Catherine Rampell: Trump’s long-hidden tax returns make him look like a terrible businessman, or a cheat. Probably both.

Trump has about a half-billion dollars’ worth of motivation to stay in office four more years.

Richard Nixon famously said, “People have got to know whether or not their president is a crook. Well, I’m not a crook.” That comment was not about the Watergate break-in, but rather, some funny business in his tax returns. Under public pressure, Nixon ultimately released those returns, revealing a major underpayment on his income taxes and creating a new norm for at least partial tax disclosure that all his successors complied with.

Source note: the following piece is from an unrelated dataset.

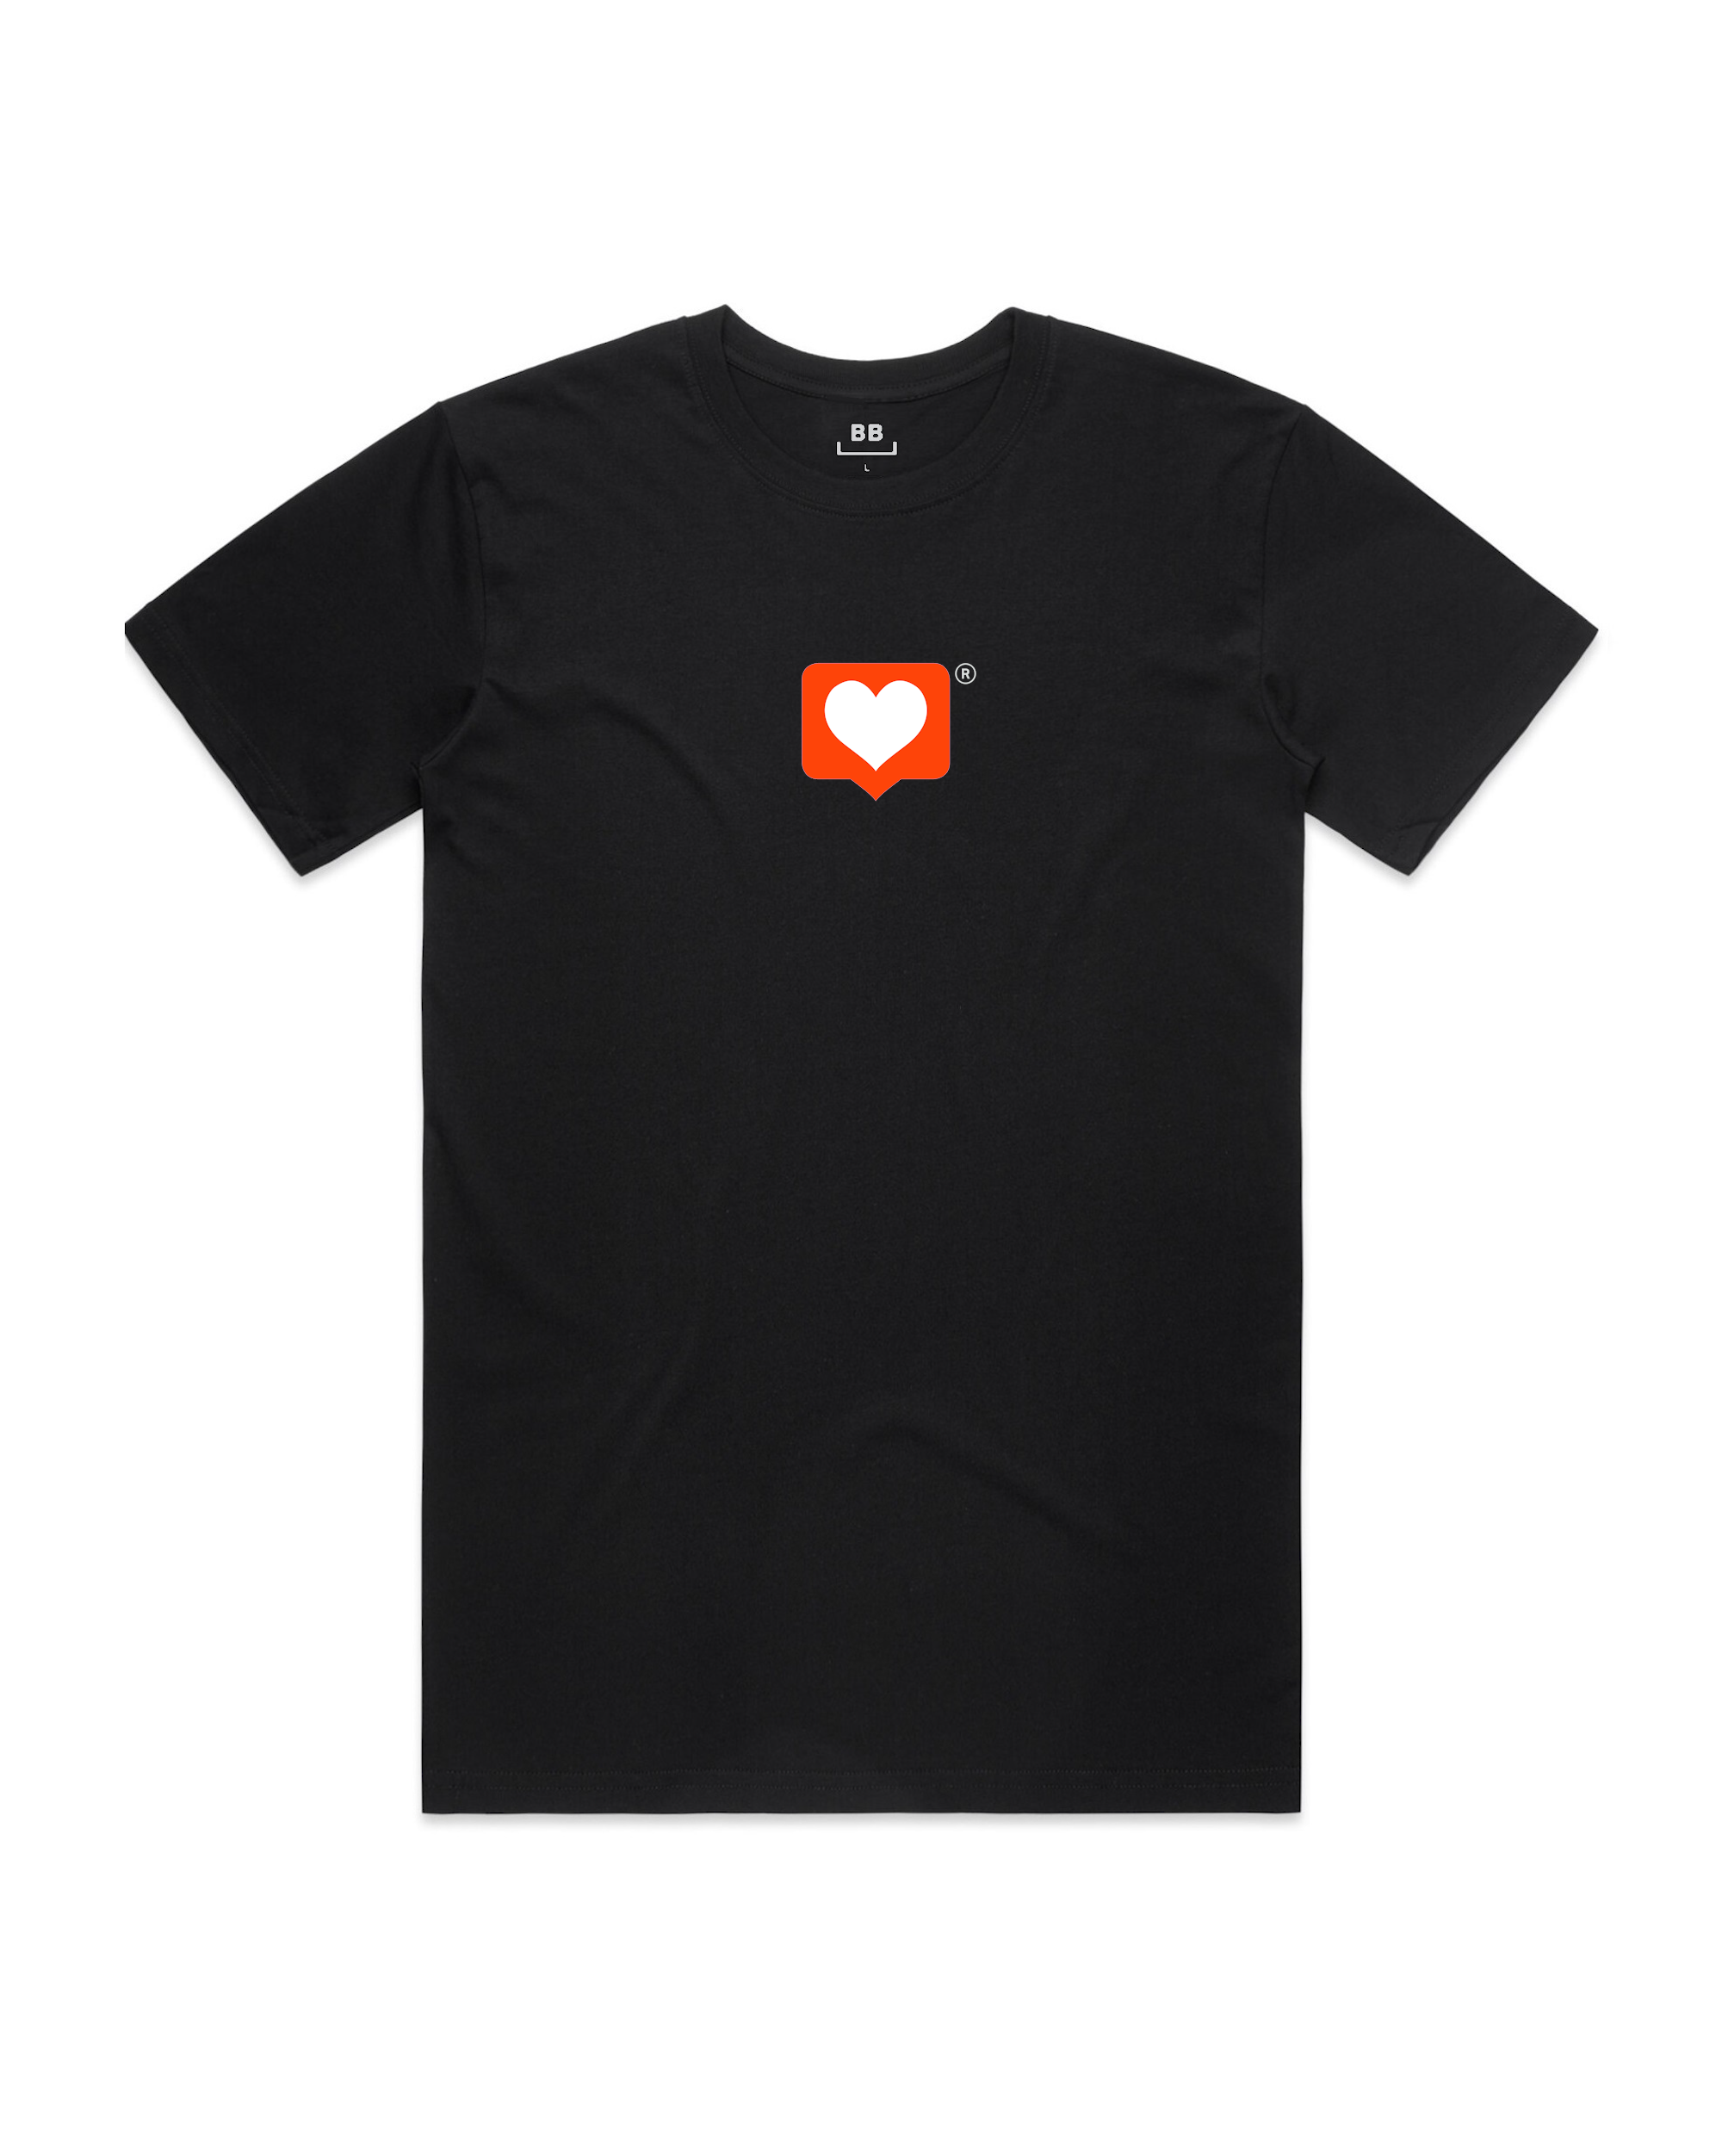 Love Clothing Co 'Heart' Black Tee

Until President Trump, that is.

And now it may be clear why. Bombshell reporting Sunday from the New York Times — based on the examination of thousands of personal and business tax records — suggests that Trump, like his disgraced predecessor, engaged in a lot of financial activity that also looks pretty crooked. [..]

Trump claimed no tax liability for so many years because, according to the documents reviewed by the Times, he sustained mindbogglingly huge, chronic losses. The magnitude of these reported losses suggests he has been a thoroughly incompetent businessman or has been cheating Uncle Sam.

Most likely both.

David Masciotra: The president wants you dead — and so do his friends and advisers. It’s that simple

It’s not adequate to say that Trump’s regime is stupid and incompetent. That’s true — but the malice runs deeper

The president of the United States wants you dead.

Throughout the dystopian horror of the past four years, critics of the Trump administration have speculated, with persuasive evidence and analysis, that Donald Trump and his gaggle of ghouls — Jared Kushner, Bill Barr, Stephen Miller, et al. — are both incompetent to prevent death and indifferent to the onslaught of death if the victims, whether they lose their lives in a largely preventable pandemic, a natural disaster caused by climate change, or at the hands of police or right-wing terrorists, are not white, rich and Republican.

Recent revelations should force Americans to consider an even darker reality, and gather insight into the malevolence of humanity that is typically accessible only in barbaric episodes of history and frightening stories of literature. The most powerful man in the federal government delights in the infliction of pain, misery and grief.